What is Elasticsearch?

Elasticsearch is a search engine, database and ecosystem for search and analysis.

Reference information about Elasticsearch

-What is Elasticsearch? -Elastic Stack Subscription & Deployment Support -NTT TechnoCross-

What is Apache Spark TM ?

Apache Spark TM is a distributed processing framework for fast big data. It also supports Python and is especially called PySpark.

Reference information about Apache Spark TM

-Apache Spark ™ --What is Apache Spark? Introducing it to those who are new to distributed processing

What is pandas

pandas is a powerful data analysis library for Python.

Reference information about pandas

What is Koalas

Koalas is a wrapper library that enables pandas-like data manipulation with Apache Spark TM . Apache Spark TM has a concept similar to Pandas DataFrame called Spark Dataset/DataFrame, but it gets confused when converting objects between pandas ⇔ Spark Dataset/DataFrame because various APIs are different. .. Koalas is the approach to solve it.

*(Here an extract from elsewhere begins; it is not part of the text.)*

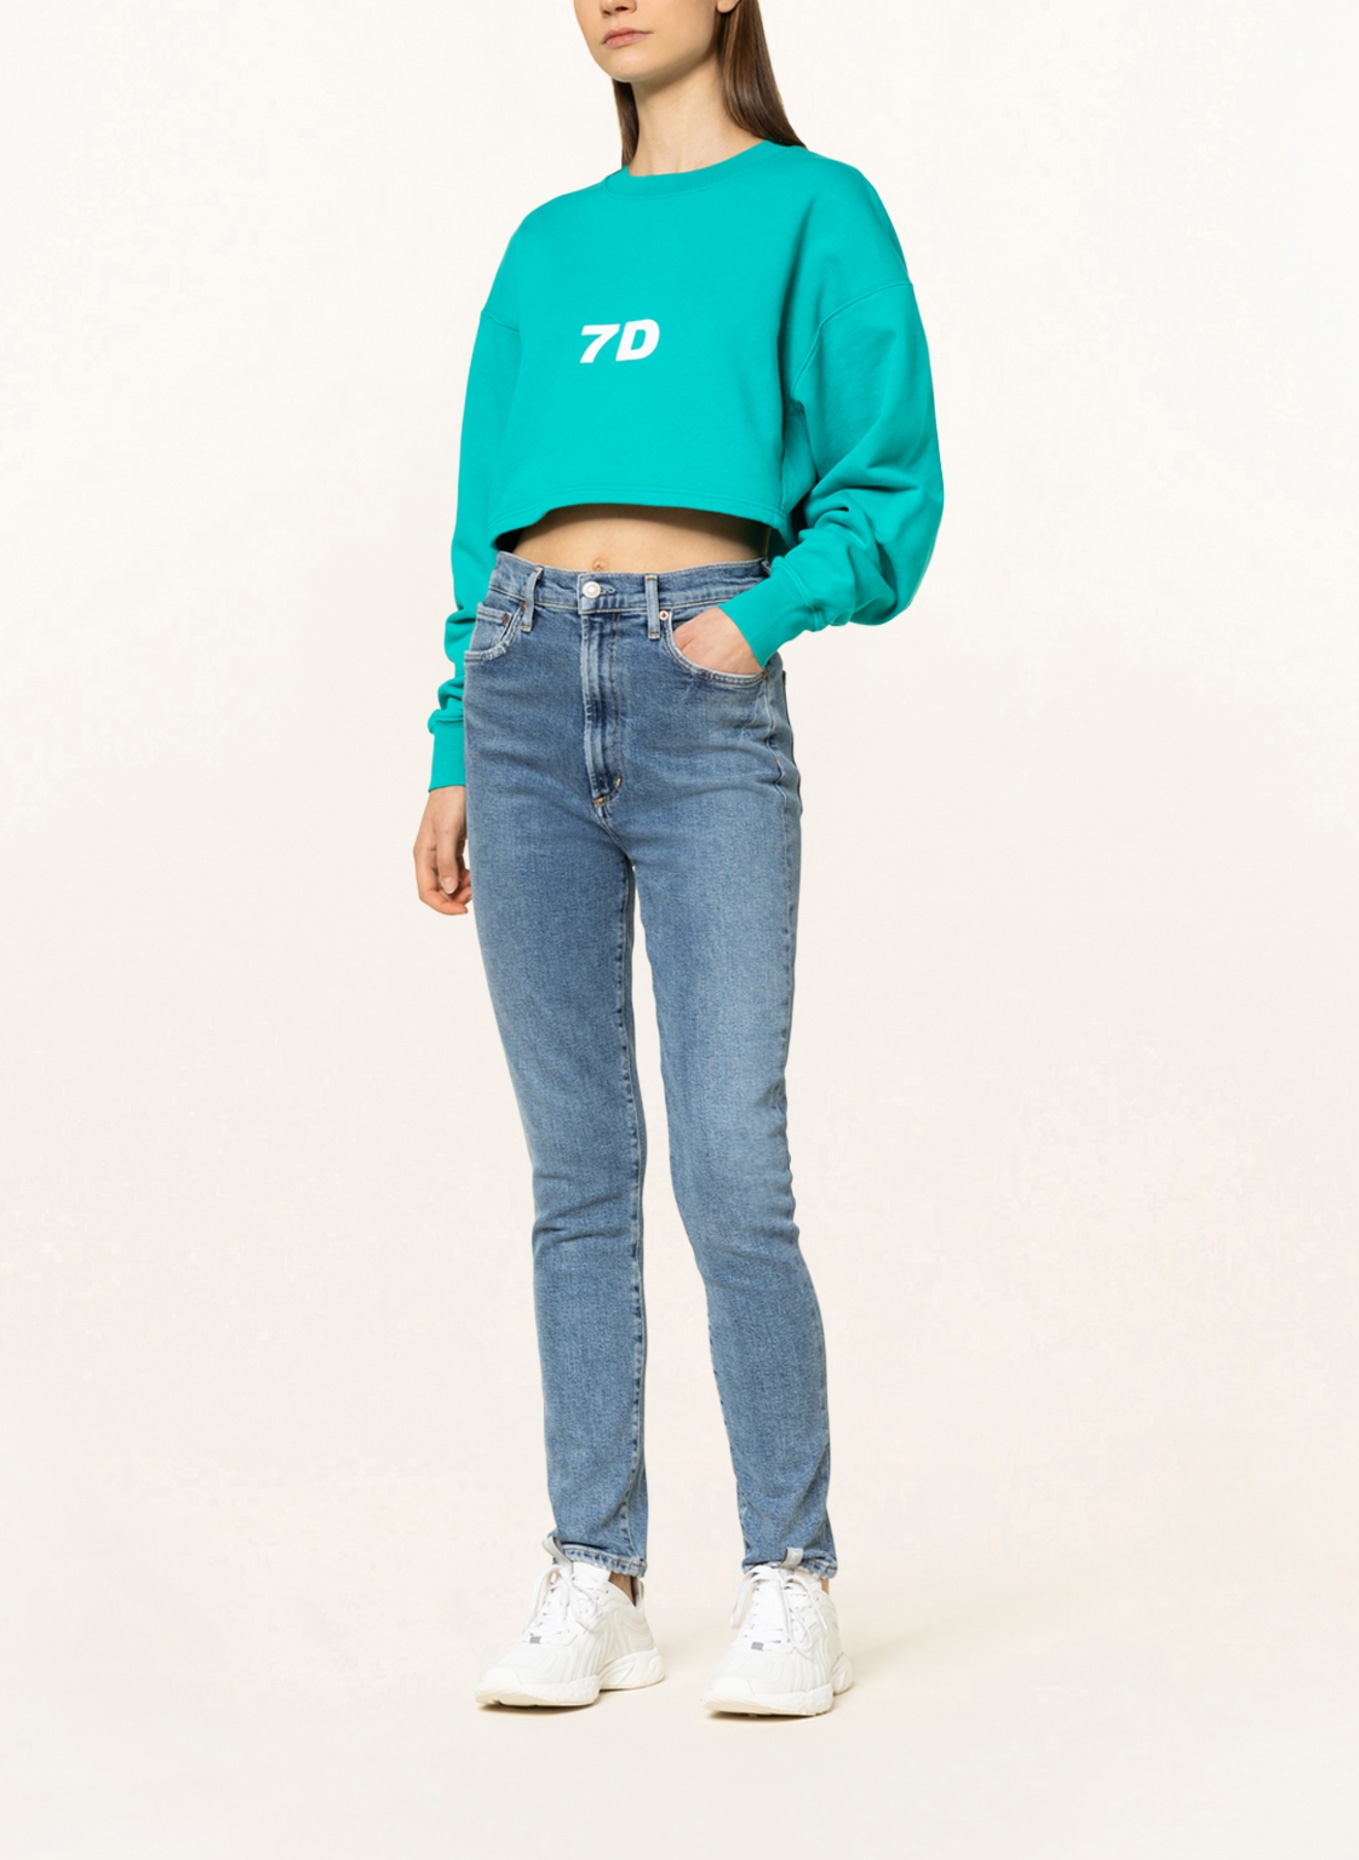 7 DAYS ACTIVE Cropped sweatshirt MONDAY, Color: NEON TURQUOISE (Image 2)
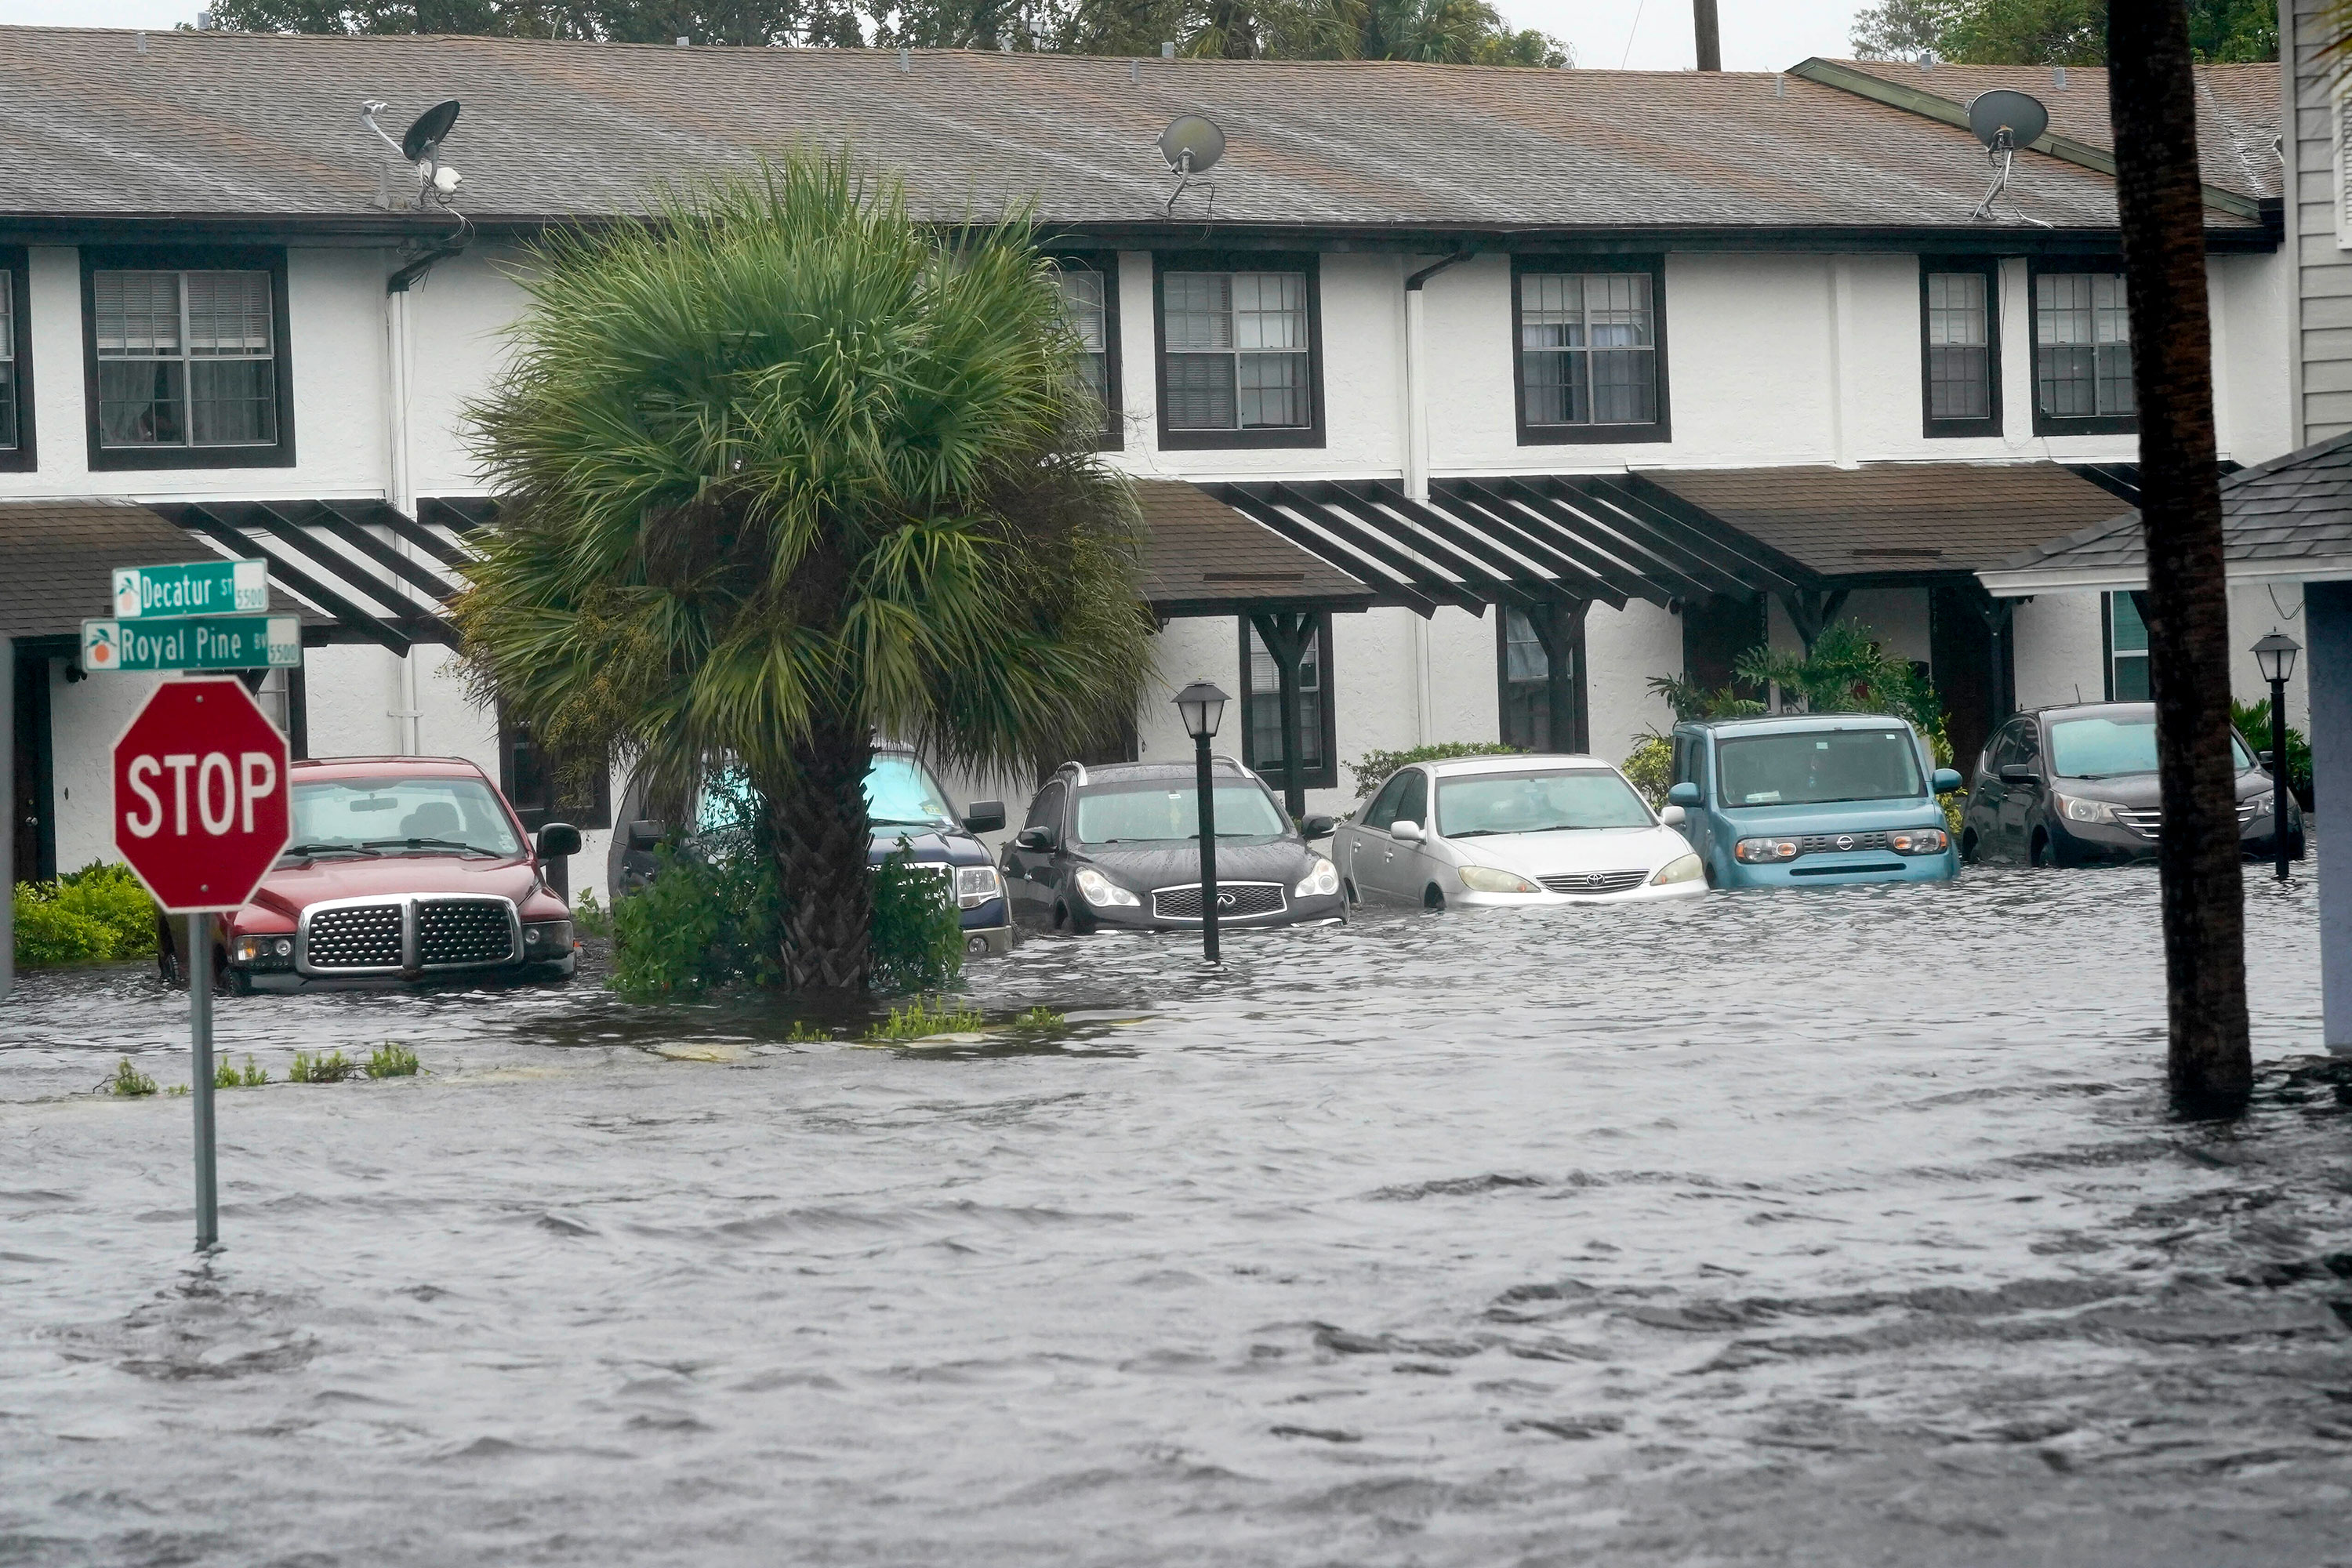 Vehicles sit in floodwaters at the Palm Isle apartments in Orlando, Florida, on Thursday.

Reference information about Koalas

About cooperation between Elasticsearch and Apache Spark TM

Since the same version is distributed, it seems that Elasticsearch 7.10 and Hadoop ecosystem (including Apache Spark TM , Koalas) can be linked by using Elasticsearch-Hadoop plugin (elasticsearch-hadoop 7.10). is. On the other hand, as of December 2020, it seems that Elasticsearch and Apache Spark TM 3.0.x cannot be linked using the Elasticsearch-Hadoop plugin.

Therefore, this time, I will use Apache Spark TM 2.4.7, which meets the following conditions.

--Supported version of Koalas --Elasticsearch-Supported version of Hadoop plugin

Elasticsearch-Reference information about Hadoop plugins and Elasticsearch versions

-Elastic Product EOL/End of Support Date

Reference information about cooperation between Elasticsearch and Apache Spark TM 3.0.x

Reference information about Koalas Dependencies

About verification environment information

Machine specs

--Ubuntu 20.04 LTS on VirtualBox 6.1.10. --vCPU 6 core

Docker version

# docker version
Client: Docker Engine - Community
 Version:           20.10.0

Create a container image for Apache Spark TM 2.4.7

Building an environment for verification To save operation, create a container image with PySpark 2.4.7 and JupyterLab installed by referring to Build an Image with a Different Version of Spark.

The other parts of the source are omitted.